My computer crashed totally on last friday and I re-installed everything. I erased everything from the HD. Now I'd like to make a boot CD (OS 9.2.2 FINNISH) just in case, that if something bad will happen. How Do I make it?

It takes so damn long, to install all the updates, and that's why the boot CD would be more than nice. And the boot CD would include all the needed drivers (for iomega ZipCD 650 4x4x12, Canoscan 670U, Logitech Wheel mouse etc..), extensions, preferences etc... would be automatically there. Re-installation would be real fast. So how do i make it, or is it even possible to make it?

BTW. I suggest that everyone who has a system without any errors would make this kinda bootable CD. Just in case, you never know what might happen tomorrow...


----------



## thedbp (Apr 17, 2002)

use Disk Copy to make an image of your Mac OS 9 CD.  Mount the image.  Get rid of anything of the disk image that you don't need/want.  Copy over all the updates to the image, along with all your custom drivers.  Burn that image to CD in Toast (don't forget to tell Toast to make the CD bootable!)

Its not as nice as installing 9.2.2 directly, but at least you can do it all from one CD without having to reboot in between each update.


----------



## Charon (Apr 17, 2002)

Ok.. Thanks.. I'll give a try!


----------



## tebemac (Apr 23, 2002)

You can also make a complete image of your system incl. programs, drivers etc.

These steps is based on an article in MacAddict  How To: Create Your Own Restore CD 

1 - Install everything and make sure to configure all options like machine name, file sharing, appletalk, printers etc. Start all programs with first run dialogs and configure the programs as you like them.

2 - Boot from your Mac OS 9 CD

3 - Run Disc First Aid (with repair)

4 - Make a folder with the name of your HD (Macintosh HD) and copy everything into this folder (this way you save a lot of space).

5 - Make a Read-Only compressed image with Disc copy

6 - Calculate the checksum for the image with ASR (see the article in MacAddict)

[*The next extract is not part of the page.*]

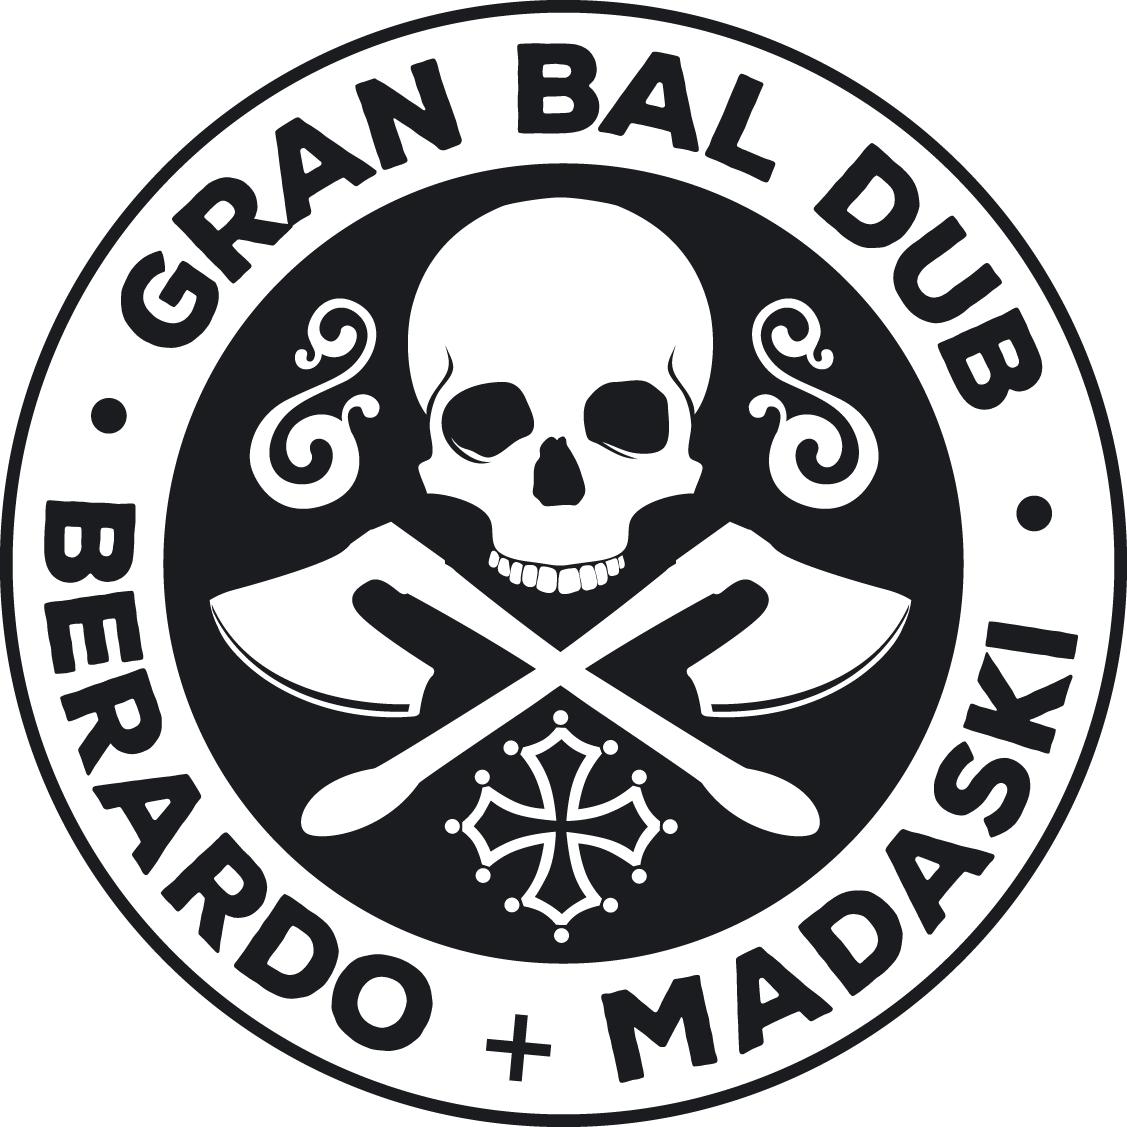 Berardo  Madaski - Gran Bal Dub 1 - fanzine

Then you have a image you can use to restore a complete system.

I have made a bootable CD based on the original restore CD. This CD contains the system folder, Apple Software Restore, ASR Prefs and the Image.

a really cool feature is that I keep all my images on a network volume. I boot from the same CD on all kinds of setups and drag any image on Apple Software Restore. This way I can update the images without the need of burning new CDs, and it´s possible to make larger images.

good luck
Jon


----------



## Charon (Apr 23, 2002)

Thanks!
 It sounds easy. I hope it really is that.


----------